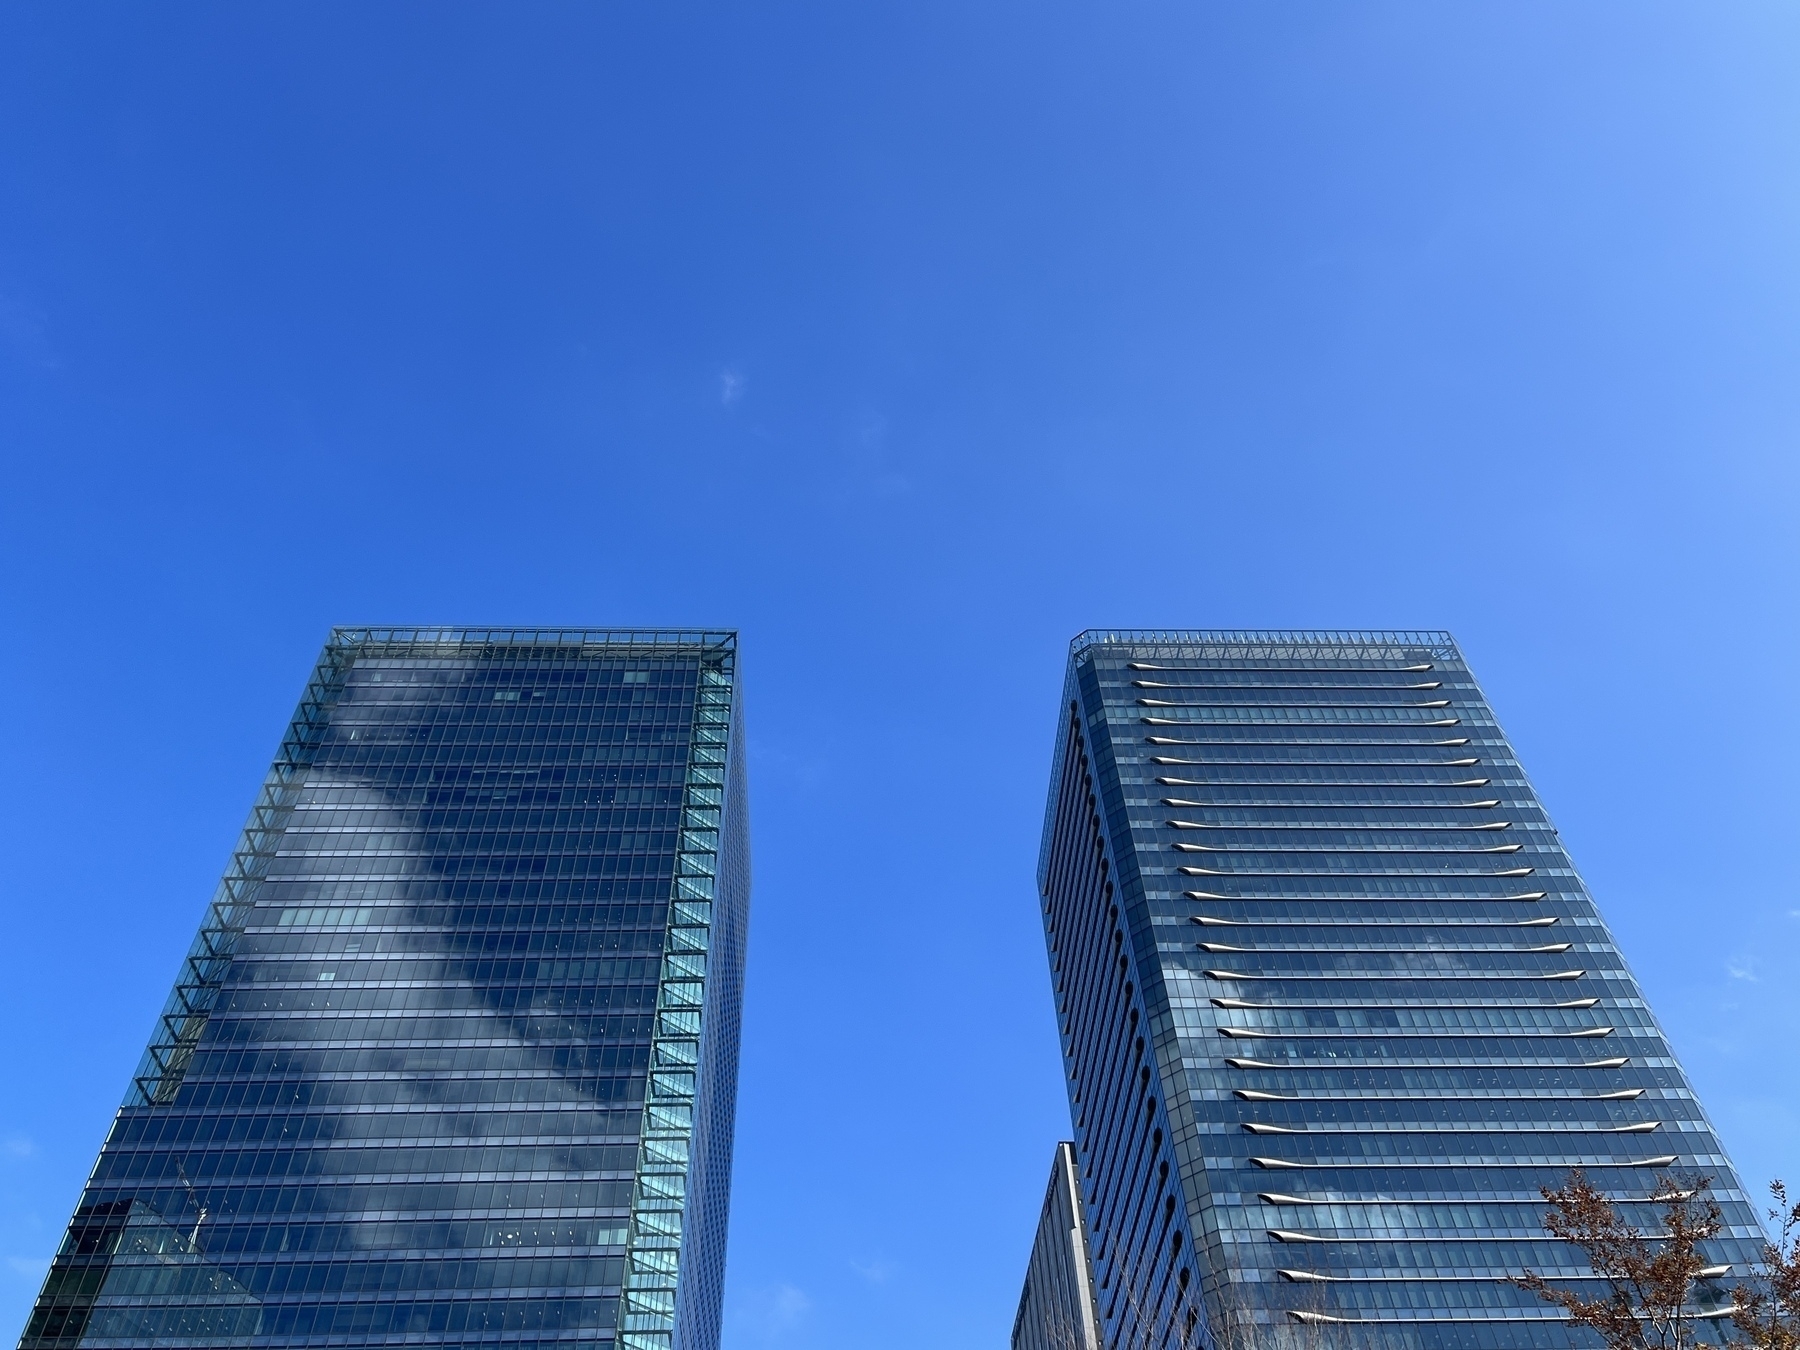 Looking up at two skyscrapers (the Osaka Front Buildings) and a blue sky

...

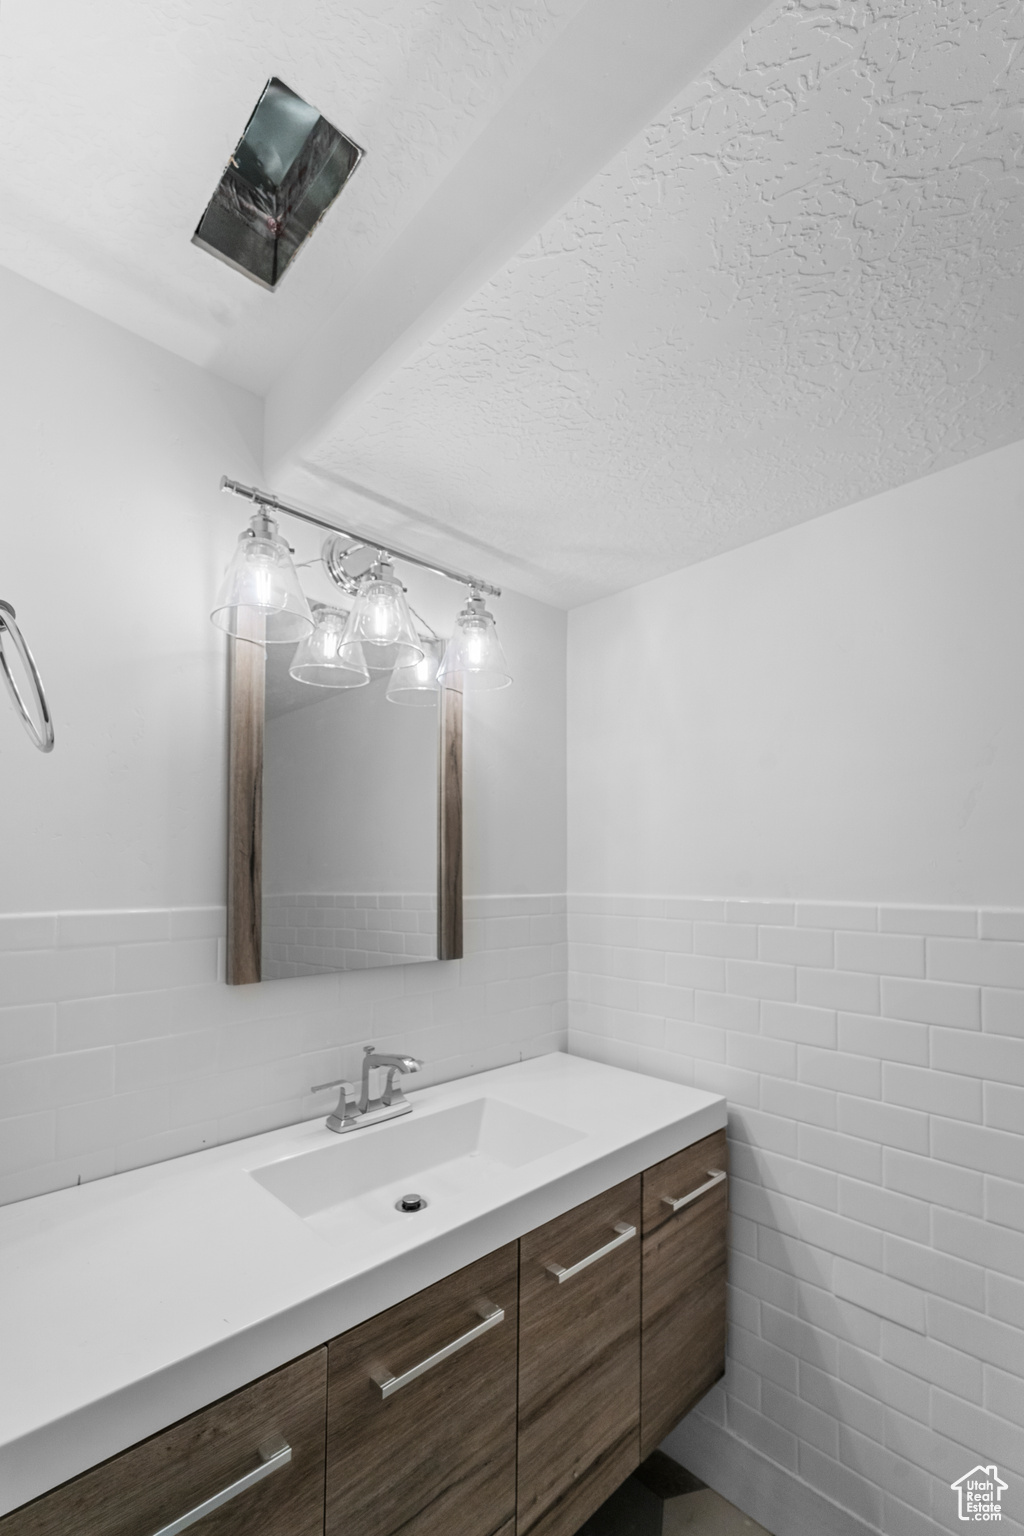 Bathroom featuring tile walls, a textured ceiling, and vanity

==

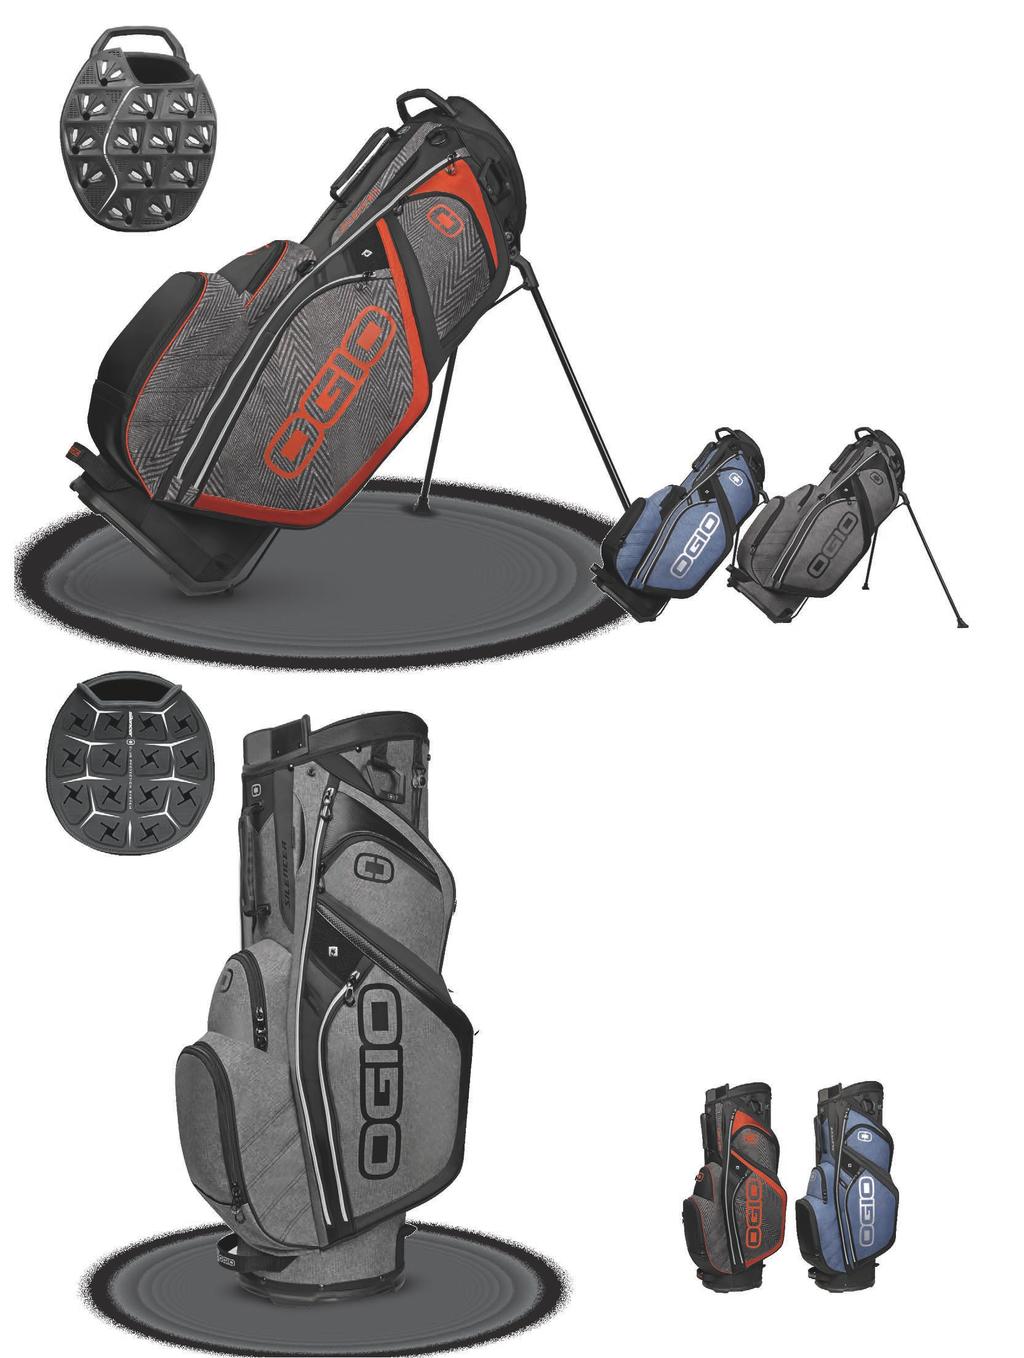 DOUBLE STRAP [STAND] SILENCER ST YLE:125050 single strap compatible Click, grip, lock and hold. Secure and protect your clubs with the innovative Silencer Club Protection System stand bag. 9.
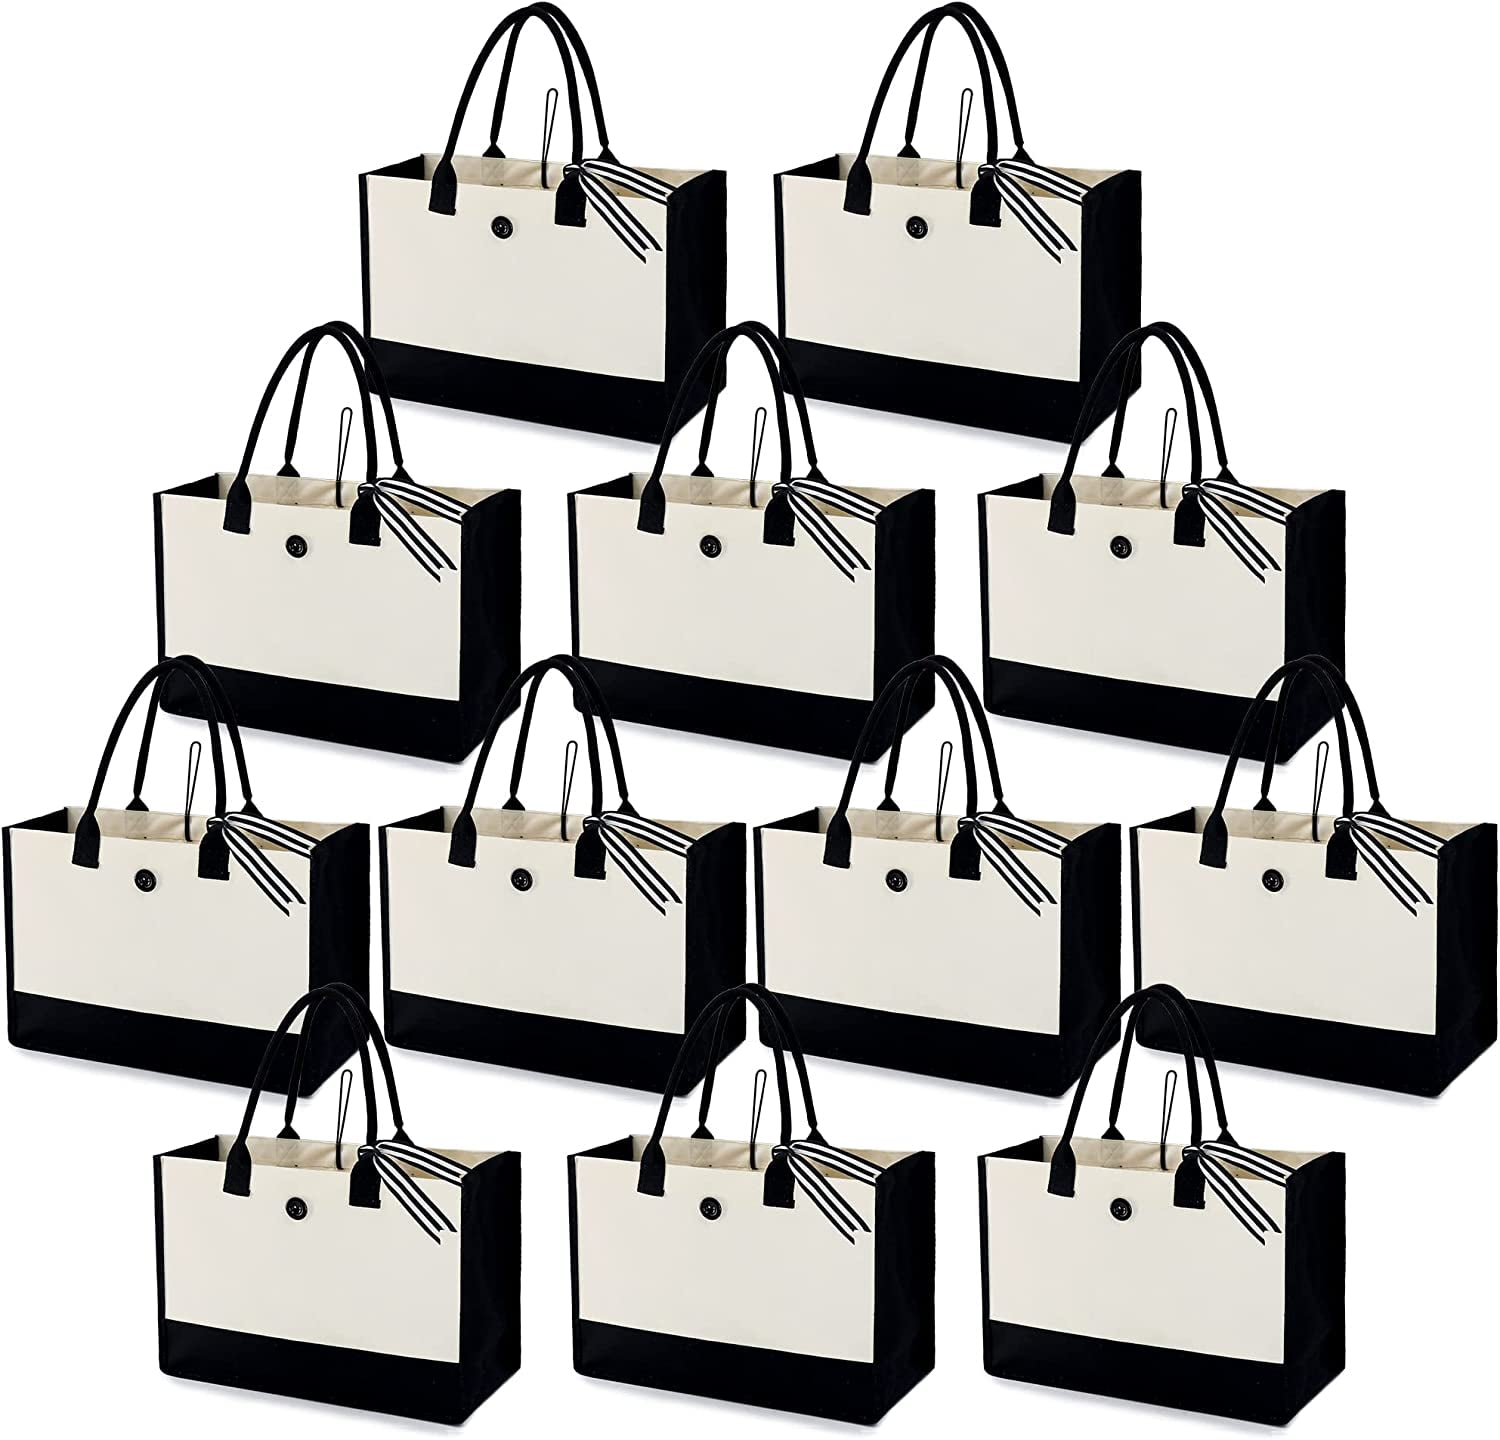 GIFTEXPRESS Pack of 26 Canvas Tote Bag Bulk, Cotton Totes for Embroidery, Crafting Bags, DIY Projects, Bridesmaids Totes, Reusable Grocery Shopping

▸ **Task instructions**: In the entries above, find the line with "DOUBLE STRAP [STAND]" and the line with "GIFTEXPRESS Pack of". Return exactly those lines and all the ones between them, pictures excluded.

▸ **Result for this exercise**:
 DOUBLE STRAP [STAND] SILENCER ST YLE:125050 single strap compatible Click, grip, lock and hold. Secure and protect your clubs with the innovative Silencer Club Protection System stand bag. 9.
 GIFTEXPRESS Pack of 26 Canvas Tote Bag Bulk, Cotton Totes for Embroidery, Crafting Bags, DIY Projects, Bridesmaids Totes, Reusable Grocery Shopping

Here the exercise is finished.